Ruth Wilson is disgusted with reality stars who show off their lavish lifestyle on social media.
The British actress has found fame thanks to TV shows Luther and The Affair and has also landed prominent roles in films like The Lone Ranger and Locke. But while her profile soars Ruth has no desire to flaunt the perks of stardom online like other celebrities do.
Ruth's criticism comes after celebrities like Kim Kardashian have been criticised for flaunting their lifestyles on social media. The reality star was robbed in October (16) millions of dollars of jewellery which she had shared via posts on her Instagram account.

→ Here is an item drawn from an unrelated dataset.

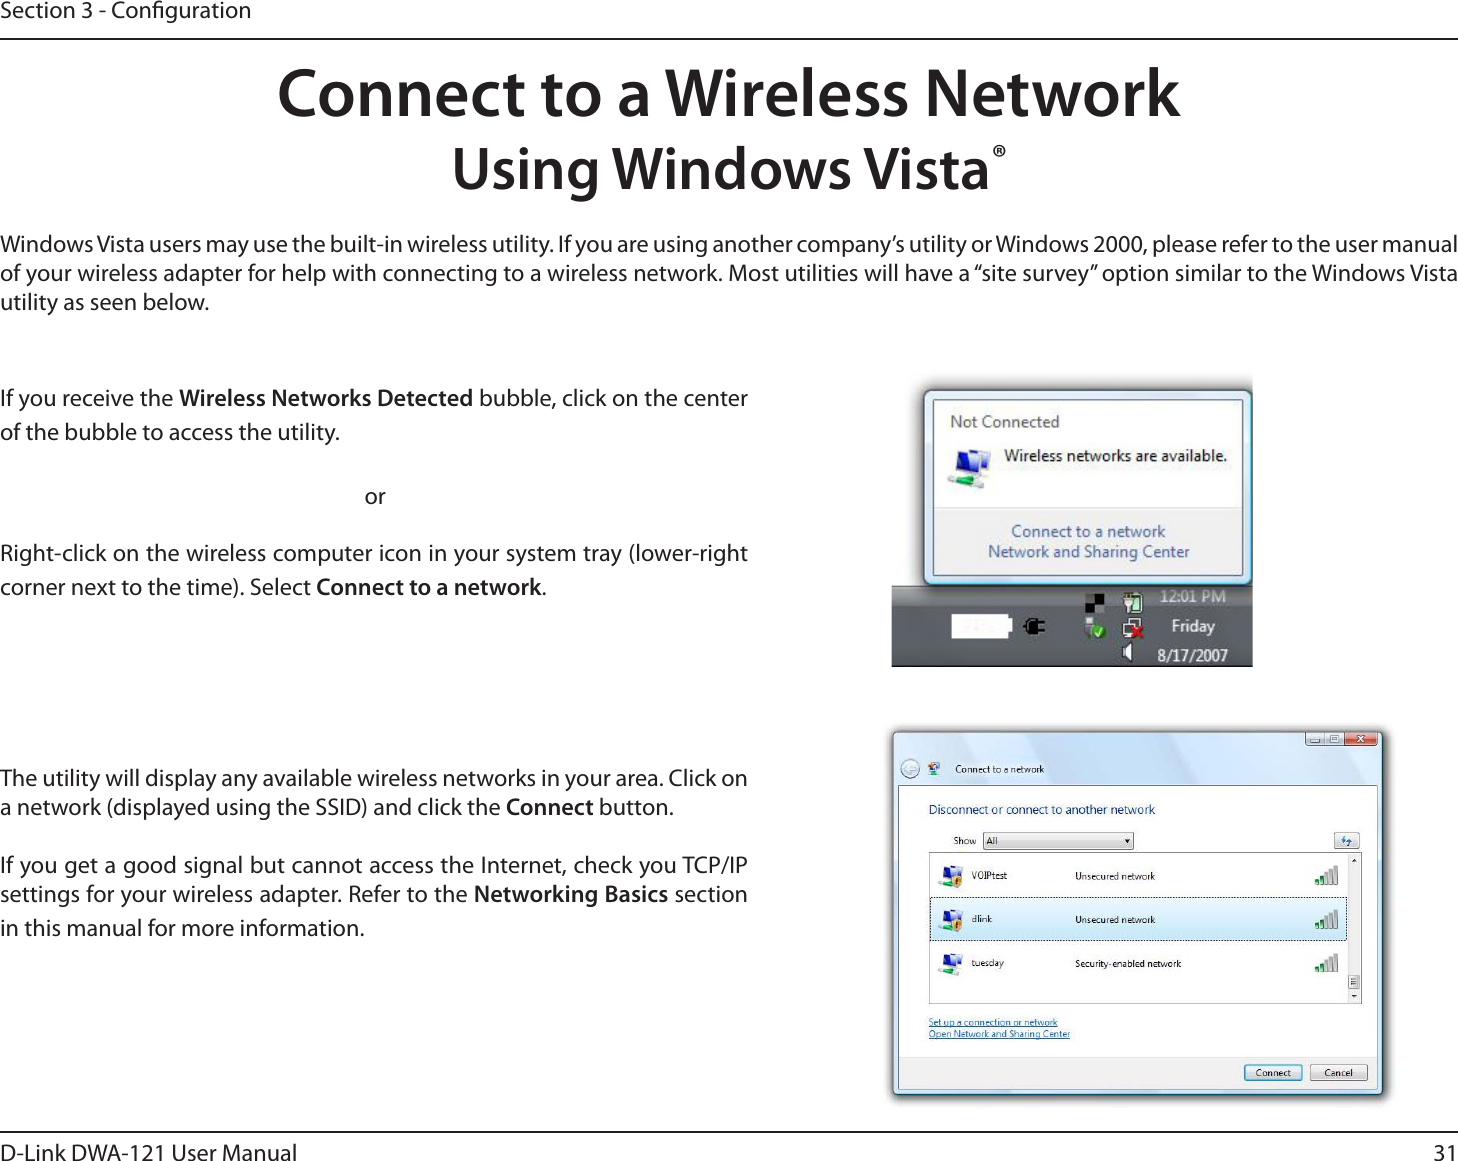 31D-Link DWA-121 User ManualSection 3 - CongurationConnect to a Wireless NetworkUsing Windows Vista®Windows Vista users may use the built-in wireless utility. If you are using another company’s utility or Windows 2000, please refer to the user manual of your wireless adapter for help with connecting to a wireless network. Most utilities will have a “site survey” option similar to the Windows Vista utility as seen below.Right-click on the wireless computer icon in your system tray (lower-right corner next to the time). Select Connect to a network.If you receive the Wireless Networks Detected bubble, click on the center of the bubble to access the utility.     orThe utility will display any available wireless networks in your area. Click on a network (displayed using the SSID) and click the Connect button.If you get a good signal but cannot access the Internet, check you TCP/IP settings for your wireless adapter. Refer to the Networking Basics section in this manual for more information.

“I don’t understand this need to have so much money. You’re not doing anything with it,” she pondered to Deadline. “You look at these reality TV stars who use Instagram to show off their wealth, and it’s just disgusting. What, so you can get a pair of fake t*ts? Who cares? It all looks pornographic. You spend four hours doing your make-up, for what? Taking 45 minutes to take a selfie. Why would you waste your time? Go and read something. Go to a gallery. It’s so bizarre, and it becomes so narcissistic.”
Ruth, 35, only uses Facebook to private message close friends and her team have advised her against getting a Twitter account.
And she's sceptical of the alleged theory that tweeting will help boost the careers of up-and-coming stars, instead she believes opposite, that giving too much away can affect how audiences see her in a role.
“In a funny way, it actually makes it much harder to sustain a career. You’re totally replaceable by the next movie,” she said of an actor’s relevance. “Occasionally a Jennifer Lawrence will come through, who’s reminiscent of the film stars that have come before, and you hope they’ll have a longevity and will stick around, but there are fewer guarantees. That’s why you’ve got to keep doing good work, and keep finding avenues for good art," she insisted.